‘Binz’ serves up a luxurious little slice of sunshine
The best part about a new Solange album is that we’re always spoiled with movie-quality music videos to go with it. And with her latest release, When I Get Home, we practically got a full movie, a precisely choreographed half-hour long companion piece and surreal love letter to the artist’s origins in Houston’s Third Ward. Solange dropped five minutes of it on YouTube as a music video for “Almeda,” stitching together the “Nothing Without Intention” interlude with the standout song of the album, a Playboi Carti-featuring, jazzy flip on the chopped and screwed genre. The “Almeda” video is a well-oiled machine, with legions of dancers orbiting perfectly around Solange, Houston locales and even a fleet of DeLoreans.
While Solange deserves an immense level of respect for her dedication to precisely curating this mechanical aesthetic in her music videos and promotional material, an unedited and unrehearsed slice into the artist’s life can be a breath of fresh air. This is what we get with the music video for “Binz”: 86 seconds of Solange spinning, popping, twisting and twerking in front of a webcam.
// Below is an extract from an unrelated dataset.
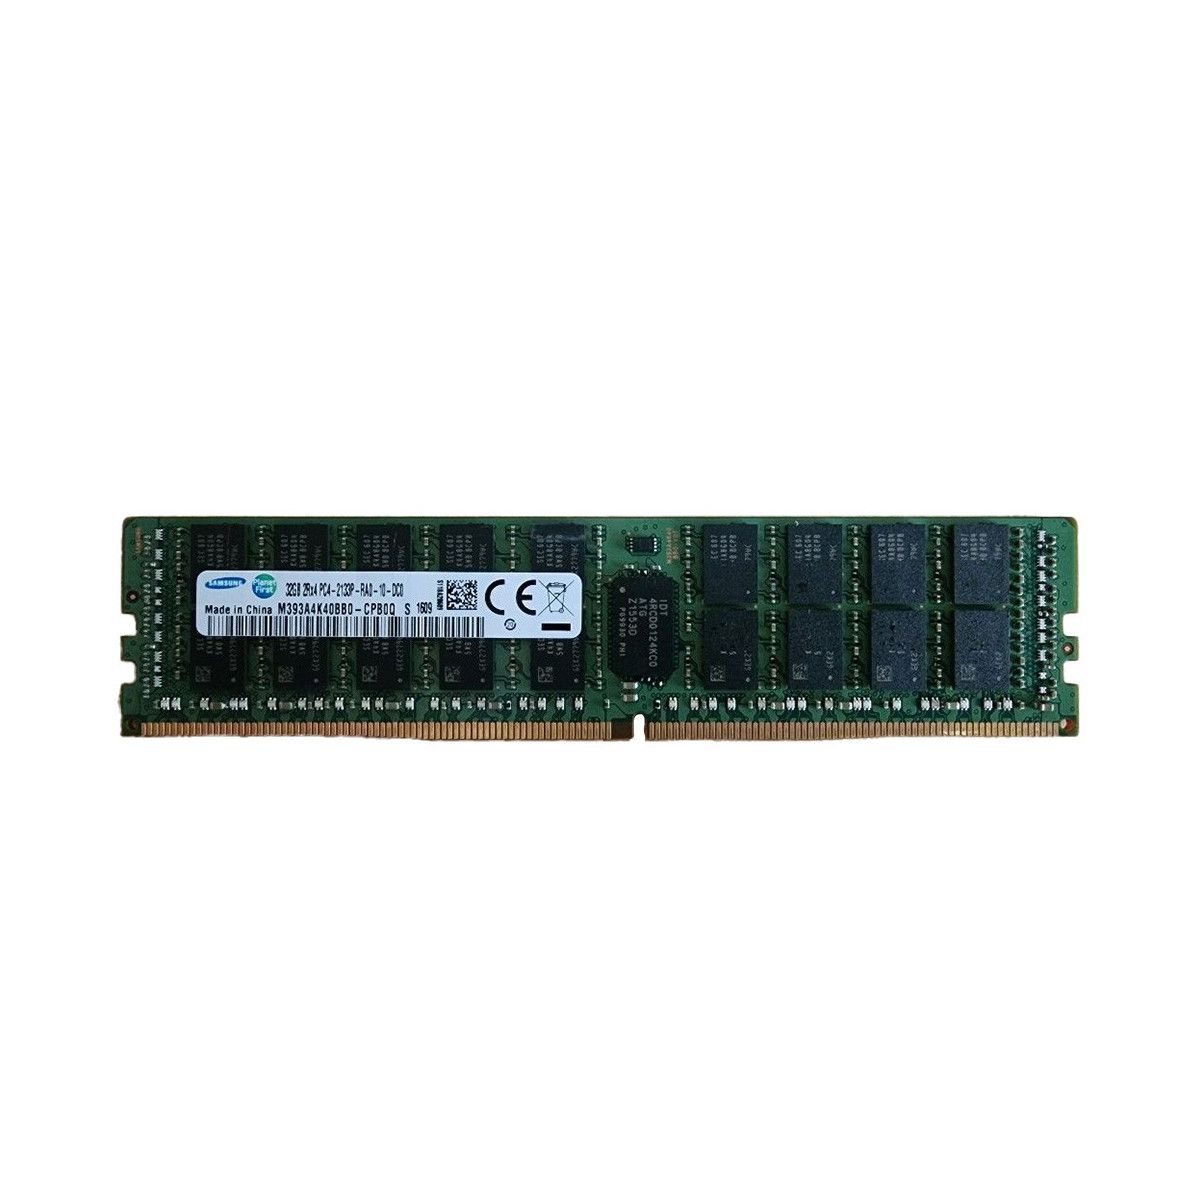 728629-B21-MS - Memstar 1x 32GB DDR4-2133 RDIMM PC4-17000P-R - Mem-Star Compatible OEM Mémoire 1 - Memstar 
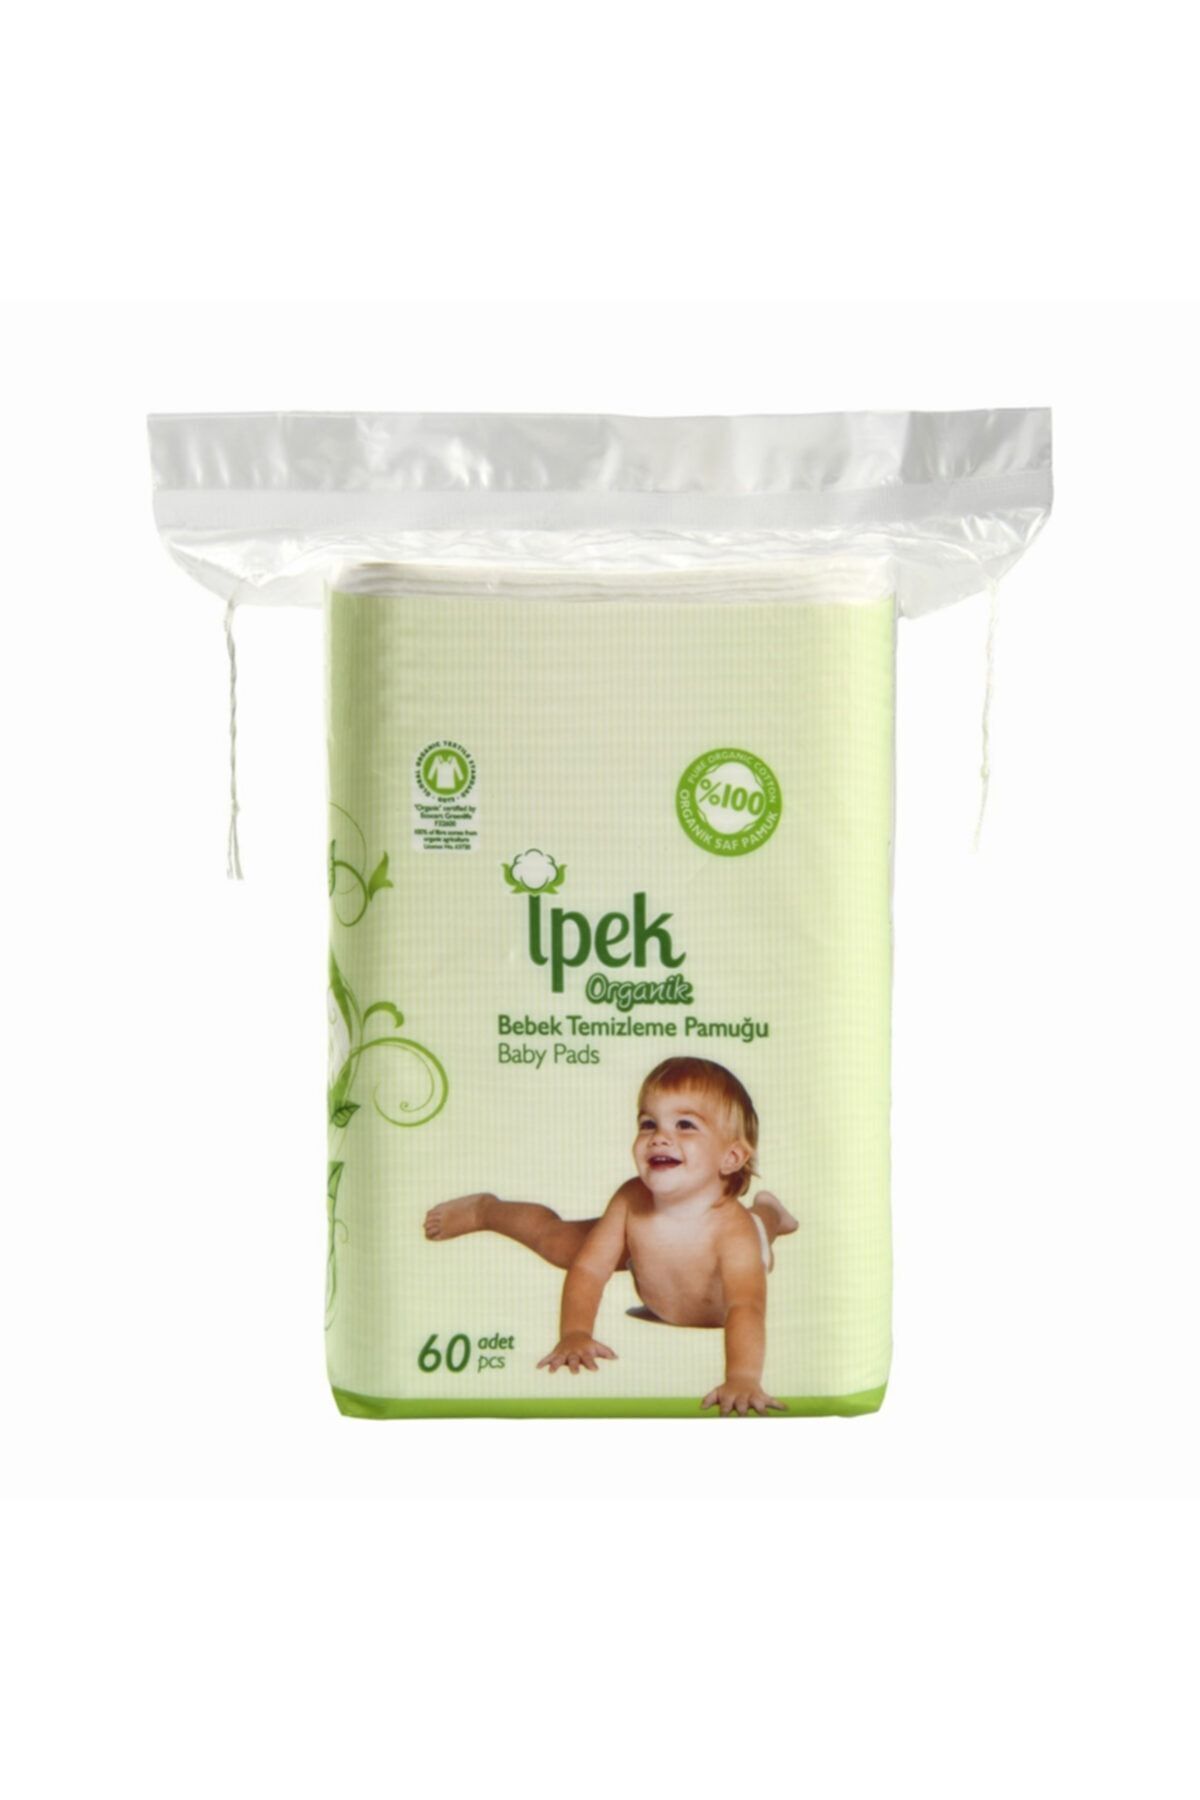 İpek Ipek Organik Bebek Temizleme Pamuğu - 60 Adetli - Pamuk

“Binz” is low quality, but it’s not low effort. To a particular eye, Solange’s movements could seem incredibly precise and purposeful, as she dances around in a variety of outfits that probably cost more than University tuition, but it still maintains a carefree vibe. There’s no better fit for the song — “Binz” breezes. It’s a lazy sprint, reveling in taking it slow. Solange doesn’t even bother to start her verse until halfway through: “I just wanna wake up to the suns and Saint Laurent / Hundred thousand dollars on the fronts and the blunts.” “Binz” is the sun breaking through the grey sky on a muzzy March day, warming us up to 90 degree afternoons but not giving them to us quite yet. Solange is aware the summer heat will soon creep through the clouds, and dances with an incessant smile on her face for what’s to come.